As Ryan explains employers may post job openings (sometimes in multiple locations) in order to demonstrate the firm is growing, or because they want a pool of ready to hire applicants in case some of their current employees leave. Firms may also post job opening but a sudden hiring freeze means there really is not a position that can be filled.
Other anecdotal stories from hiring managers say that some firms post "ghost job" ads to placate overworked current employees. Essentially these firms are telling their overworked employees "keep working hard, we are going to bring more people on to help" when, in reality, the firm does not plan to hire any additional workers.
This then raises the question: "What exactly is the 'job openings' part of JOLT actually measuring?" It is unclear how large a problem these "ghost jobs" are and just how badly skewed the job openings stat is.
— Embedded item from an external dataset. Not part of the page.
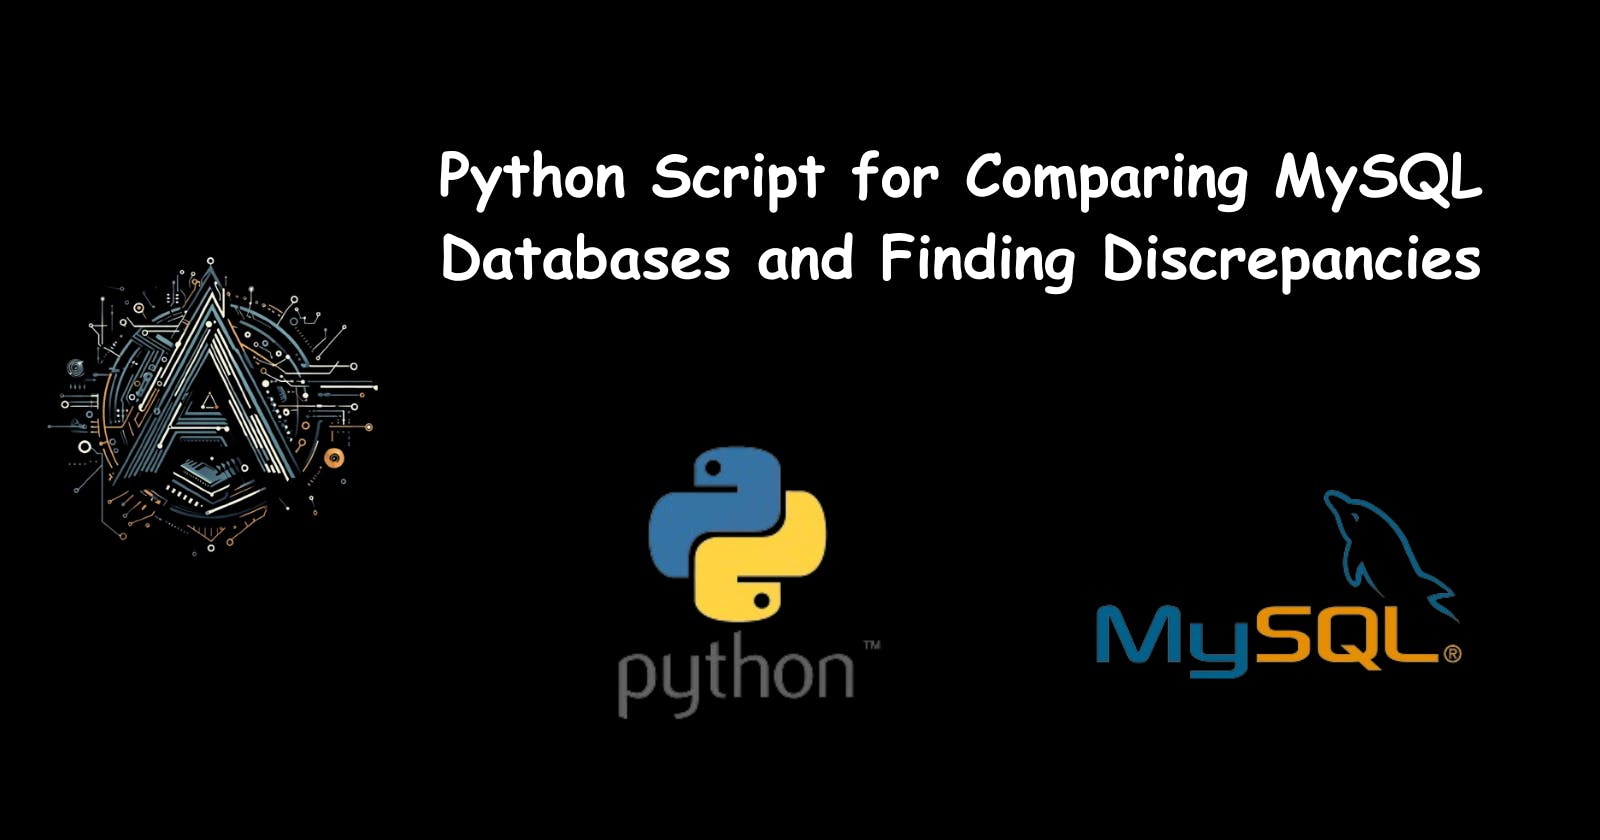 Python Script for Comparing MySQL Databases and Finding Discrepancies

But, it should be clear, that Powell and Fed should be cautious about being so dependent on this statistic when deciding on raising interest rates.
Money Supply Worries
If the Fed should downplay the JOLT (there are other reasons why the Fed's emphasis on labor market data is questionable – more about that in another post) what statistic should the Fed be watching? An oldie but a goodie is: "Money Supply Growth."
While markets and the macroeconomy certainly have changed a great deal since Milton Friedman stated in 1963 that "inflation is always and everywhere a monetary phenomena", the basic idea still may apply.
Friedman based his statement on the historical analysis he undertook with Anna Schwartz. From this he concluded monetary policy should follow a "monetary rule" where the money supply should grow only 3 to 4% a year to keep inflation under control. But with financial innovations changing the definition of "what is money" and new financial institutions competing with banks, his monetary rule proved to be impossible to implement. In addition, because of all of these changes going on in markets the direct correlation between money supply growth and inflation broke down by the mid-1980s.
But, the general idea of the link between money supply, inflation and economic growth still holds, even if we have huge problems in precisely measuring the money supply.
M2 rapid fall
Which is why Jamie McGeever's recent article in Reuters is so interesting. As McGeever points out M2 fell in February by a seasonally adjusted 2.4% year on year. That is not a decline in the rate of increase, that is an actual decline in M2. That is the first time that has happened since the 1940s. Keep in mind that the February decline is BEFORE the recent bank runs which may result in cash hoardings, or at least declines in borrowing/lending, which could push M2 down even further.
Again, it hard to determine what EXACTLY the outcome of such a rapid fall in one of the broadest measurements of money supply really means. But, as the people in McGeever's article suggest, it should a least suggest that Fed stop raising interest rates and even consider cutting them. A declining money supply has, in the past, led to deflation and sever economic downturns, including many economic depressions. You read that right: depressions, not just recessions. Keep in mind, a declining money supply does not guarantee an economic depression will occur, but a declining money supply is cause for concern.
One thing we do know, and that Mr. Powell does not seem to be aware of, is that changes in monetary policy work with a lag. If he has over tightened, it might take a while to reverse course.
Mr. Powell: there is the door
Perhaps then it is time for Mr. Powell to realize he has been over reliant on data, like the jobs opening data, that may not be measuring what he thinks it is measures. In addition, he and Fed may be overlooking data, like money supply and lending data, that if properly understood and contextualized might suggest they need to change course. Thus, Mr. Powell may have data problems that he does not understand.